S'ensuit un festival d'éco-systèmes et de paysages tous plus hétéroclites les uns des autres. Homonymes, la Bretagne et sa grande soeur ne partagent pas que leur nom, les gravats mousseux succédant aux ponts minéraux, qui eux-même chevauchent de gigantesques monolithes, barrages naturels aux sursauts d'humeur du lac. Nous déboîtons soudainement à l'intérieur des terres pour y retrouver une ambiance tropicale, tunnel de végétation, brume d'insectes et cascades nous transportent sur une île au trésor annexe. Pour couronner cette vision nous croisons Ollie, chemise et pantalon couleur sable, debout à contre-jour sur un aplomb, sa tignasse d'aventurier lui donne des airs d'Indiana Jones. Il n'a pas encore défait le camp, du vestibule de sa tente tunnel entre-ouverte on aperçoit son guide de marche. Il déjeune un porridge dans une gamelle en aluminium, les chocs subis par cette dernière rendent sa forme peu lisible mais un fond rectangulaire évoque un potentiel reliquat de soldat. Une flasque en métal est coincée dans le filet arrière de son sac, de quoi contenir le scotch régional; quand on lui demande s'il marche également le CWT il nous répondra sans fierté “supposément”.

Première déception à Kinloch Hourn en découvrant le café du gîte fermé, nous avons deux heures d'avance sur l'ouverture mais aucun temps à perdre sur la journée, nous continuons vers les hauteurs, empruntant un sentier des plus inintéressants puisqu'entretenu par des engins de chantier en congé. Le ciel opaque apporte une légère fraîcheur alors nous en profitons pour faire l'une des rares pauses midi du voyage après presque six heures de marche continue et un corps en sur-régime. Encore 12 km à parcourir. Malheureusement tous les kilomètres ne se valent pas et le sauvage du sentier se définit parfois par la disparition totale de ce dernier. Le jeu devient très simple, vous pointez à l'aide de la carte le col d'arrivée, puis gravissez la montagne comme bon vous semble. Dessiner ses propres lacets ou suivre les courbes de dénivelé, je finis par perdre patience et trace un trait tout droit, chemin le plus court et le plus fatigant également. Nous finissons par atterrir dans un pierrier éparse, abrités par de vastes caillasses qui laissent le vent prendre de la vitesse nous enfilons pour la première fois nos vestes de pluie et restons quelques minutes à contempler la mysticité des lieux. Il n'y a plus beau cadeau que d'accomplir quelque chose qui n'était pas offert. Les descentes aussi savent se montrer redoutables, et je les sous-estimerai toutes. Il nous faudra suivre des kilomètres et des kilomètres d'escaliers naturels et de faux plats peu praticables avant de presser le pas, les premières gouttes tombent et la supérette de Kintal Crafts ferme à 19h, il est vital que nous y arrivions à temps pour tenir les trois prochains jours. Consolation cependant, le festival visuel surfant sur les courbes d'horizon, où les différentes profondeurs de plan offrent un parallaxe sensationnel sur les Cinq Sœurs de Kintail.

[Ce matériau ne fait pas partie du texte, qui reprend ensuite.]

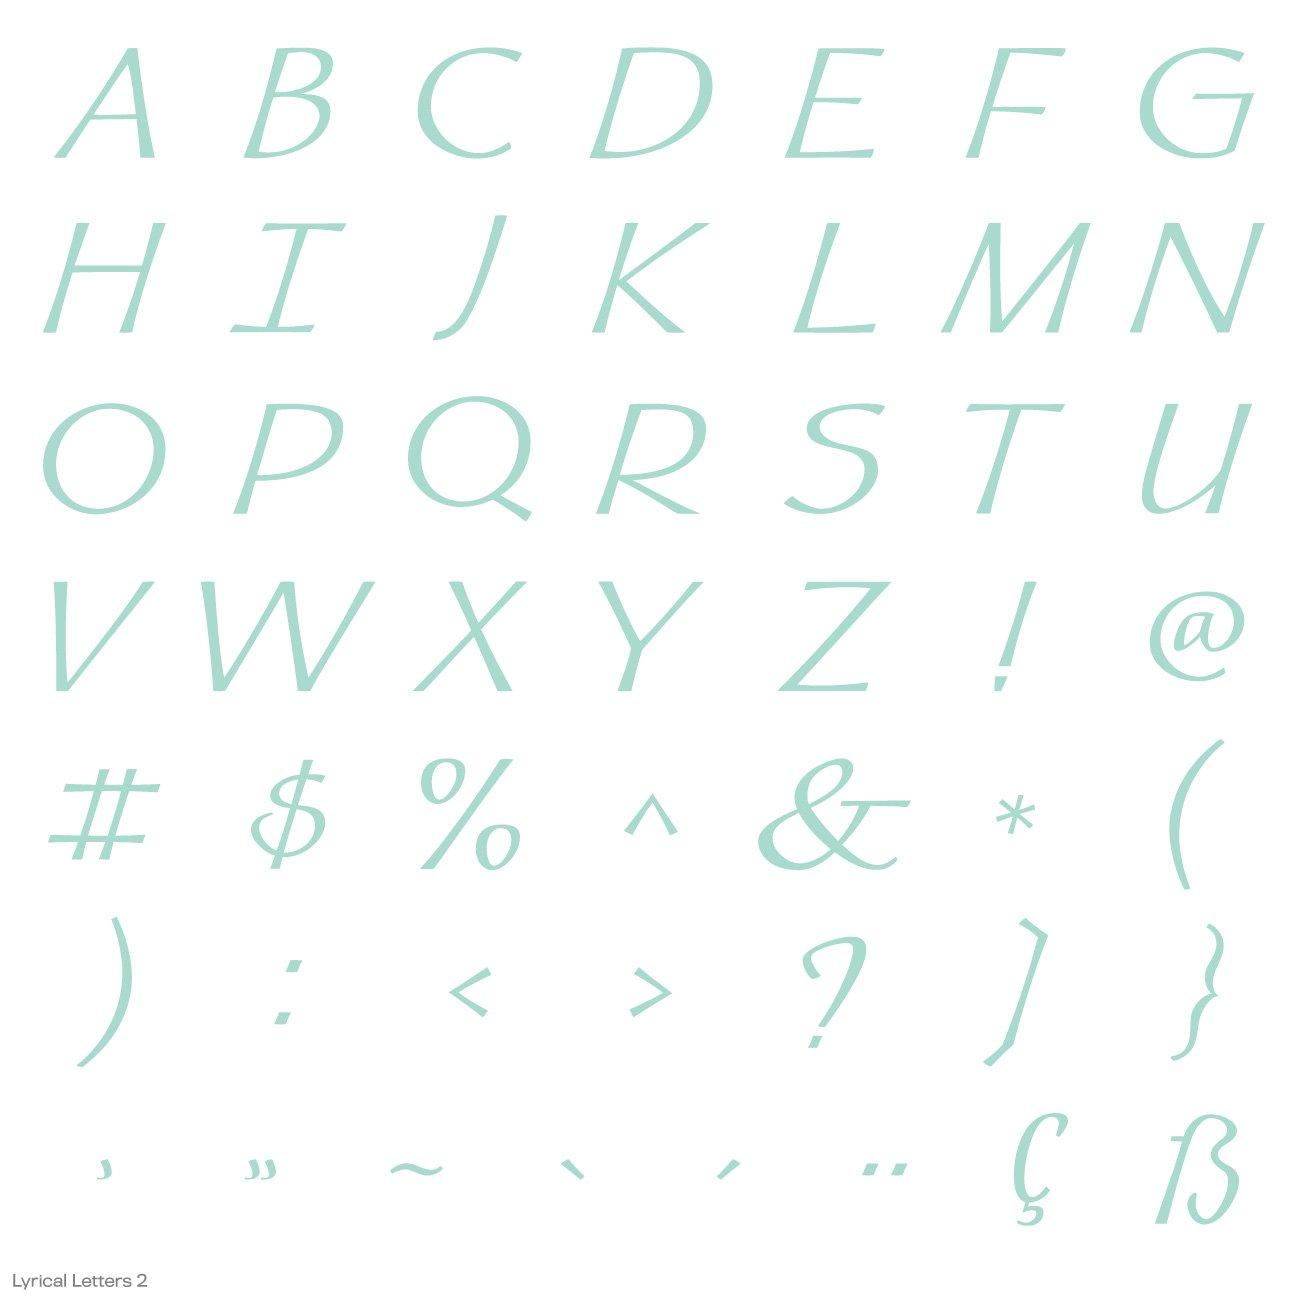 Cricut Lyrical Letters 2 Cartridge by Cricut (Image #21)

Changement de plan en apprenant que le camping de Morvich est complet, nous nous arrêtons à celui de Glen Shiel sans complètement résoudre le problème puisque le ravitaillement est encore à 2,5km et l'heure tourne dangereusement. Je me dévoue pour y aller au pas de course, mais Léa plus téméraire n'hésite pas à demander à des inconnus de m'emmener sur cinq petites minutes de voiture. Le culot paye, aller-retour rapide, je reviens avec barres et repas dans le sac. C'est en le vidant sous la tente que je découvre mon erreur grossière, le calcul est simple : 3 jours, 2 repas par jour, 2 personnes : 3 x 2 x 2 = 12, mais par fatigue j'ai loupé une multiplication, au lieu d'avoir 12 repas j'en ai 6, au lieu d'avoir 24 barres j'en ai 12. Je n'arrive pas à y croire, mon erreur est stupide et je m'en veux terriblement, c'était ma responsabilité, mon rôle, et l'organisation censée être mon domaine. Ventre vide, néant mental, je craque. Pendant que Léa vide le ballon d'eau chaude du camping, je suis sous la tente et la pluie, larmoyant ma gaffe, exténué. Il est évident que nous ne sommes pas en danger pour autant, il faut rebondir alors nous comptons le reste de noix, achetons à l'accueil trois paquets de chips aux algues et trois tablettes de chocolat régional puis nous goinfrons afin de refaire nos stocks caloriques. De retour des douches désormais froides, je m'endors tel une masse chutant dans un sommeil sans rêves.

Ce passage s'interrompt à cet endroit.